Does this greedy algorithm minimize the sum of the diameters of two clusters?

Question

Suppose given $2n$ points in the plane and we want to partition points into two clusters $C_1$ , $C_2$ such that each cluster contains exactly $n$ points and we want to minimize the sum of the diameters of two clusters. The diameter of a cluster is the maximum distance between any two points in that cluster.

I have a greedy algorithm for this problem:

Find diametral pair $(a,b)$ of $2n$ points, and then consider $a$ as the center of $C_1$ and $b$ as the center of $C_2$. Now, we make two lists $L_a$ and $L_b$ such that $L_a$ contains all points sorted by increasing distance from $a$ and the other by increasing distance from $b$. I keep the first $n$ points in $L_a$ that are closer to $a$ and remove others and then set $C_1=L_a$. I do the same for list $L_b$ and then set $C_2=L_b$.

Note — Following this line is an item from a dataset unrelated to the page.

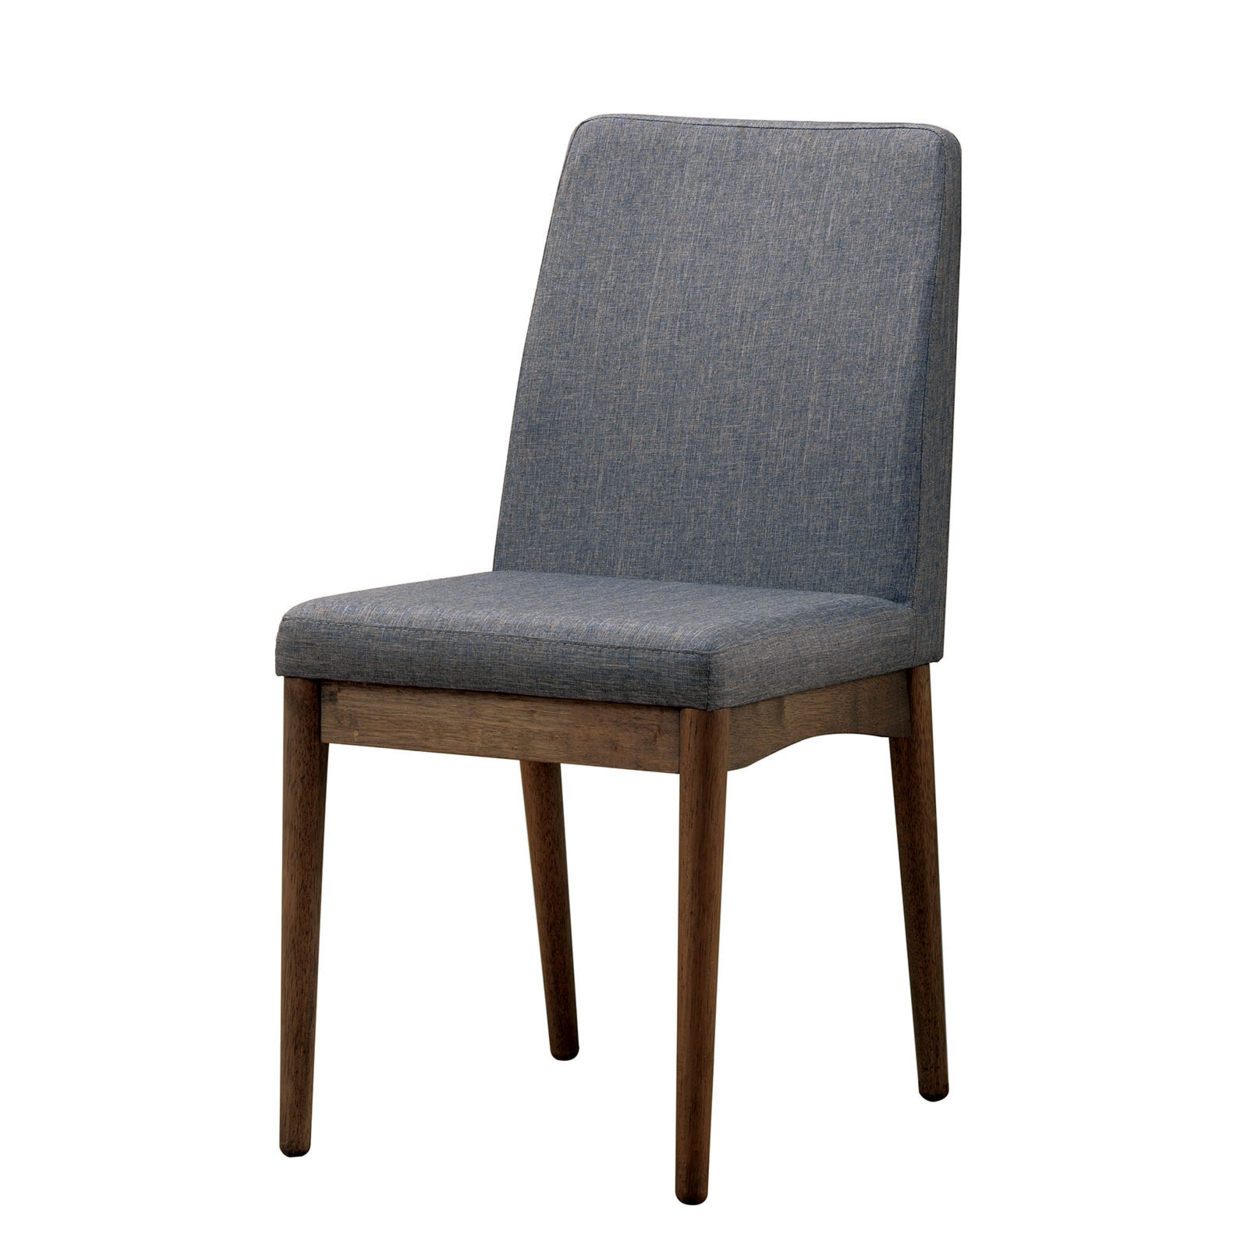 Eindride Mid Century Modern Side Chair Set Of 2- Saltoro Sherpi

My question is, the above idea is optimal or not?

I think above idea return optimal solution because I can use Exchange argument as follows:

Suppose in the optimal partitions $C'_{1}$ and $C'_2$ isn't the same as $C_1$ and $C_2$ so there exists two points $c,d$ such that $c\in C_1, d\in C_2$ and $c\in C'_2, d\in C'_1$ but according to the algorithm if we exchange $c ,d$ we get $d\in C'_2, c\in C'_1$ so we achieve a new optimal solution that it's no worse than the optimal solution. So we get contradiction.

Answer 1

No, the algorithm does not return the optimal sets.

Consider the case of the $4$ points $P=\{(0,0), (1,0), (0.5, 0.5), (0.5, 0.5)\}$. The diametrical points are $(0,0)$ and $(1,0)$ with distance one. So your algorithm puts them in their own clusters. The closest other-point to $(0,0)$ is $(0.5, 0.5)$ so your algorithm returns the set $\{(0,0), (0.5, 0.5)\}$ and $\{(1,0), (0.5, 0.5)\}$ with cost $\sqrt{0.5^2+0.5^2} + \sqrt{0.5^2+0.5^2}=\sqrt{2}$.

However, the optimal sets are $\{(0,0),(1,0)\}$ and $\{(0.5,0.5),(0.5,0.5)\}$ with cost $1+0=1 < \sqrt{2}$.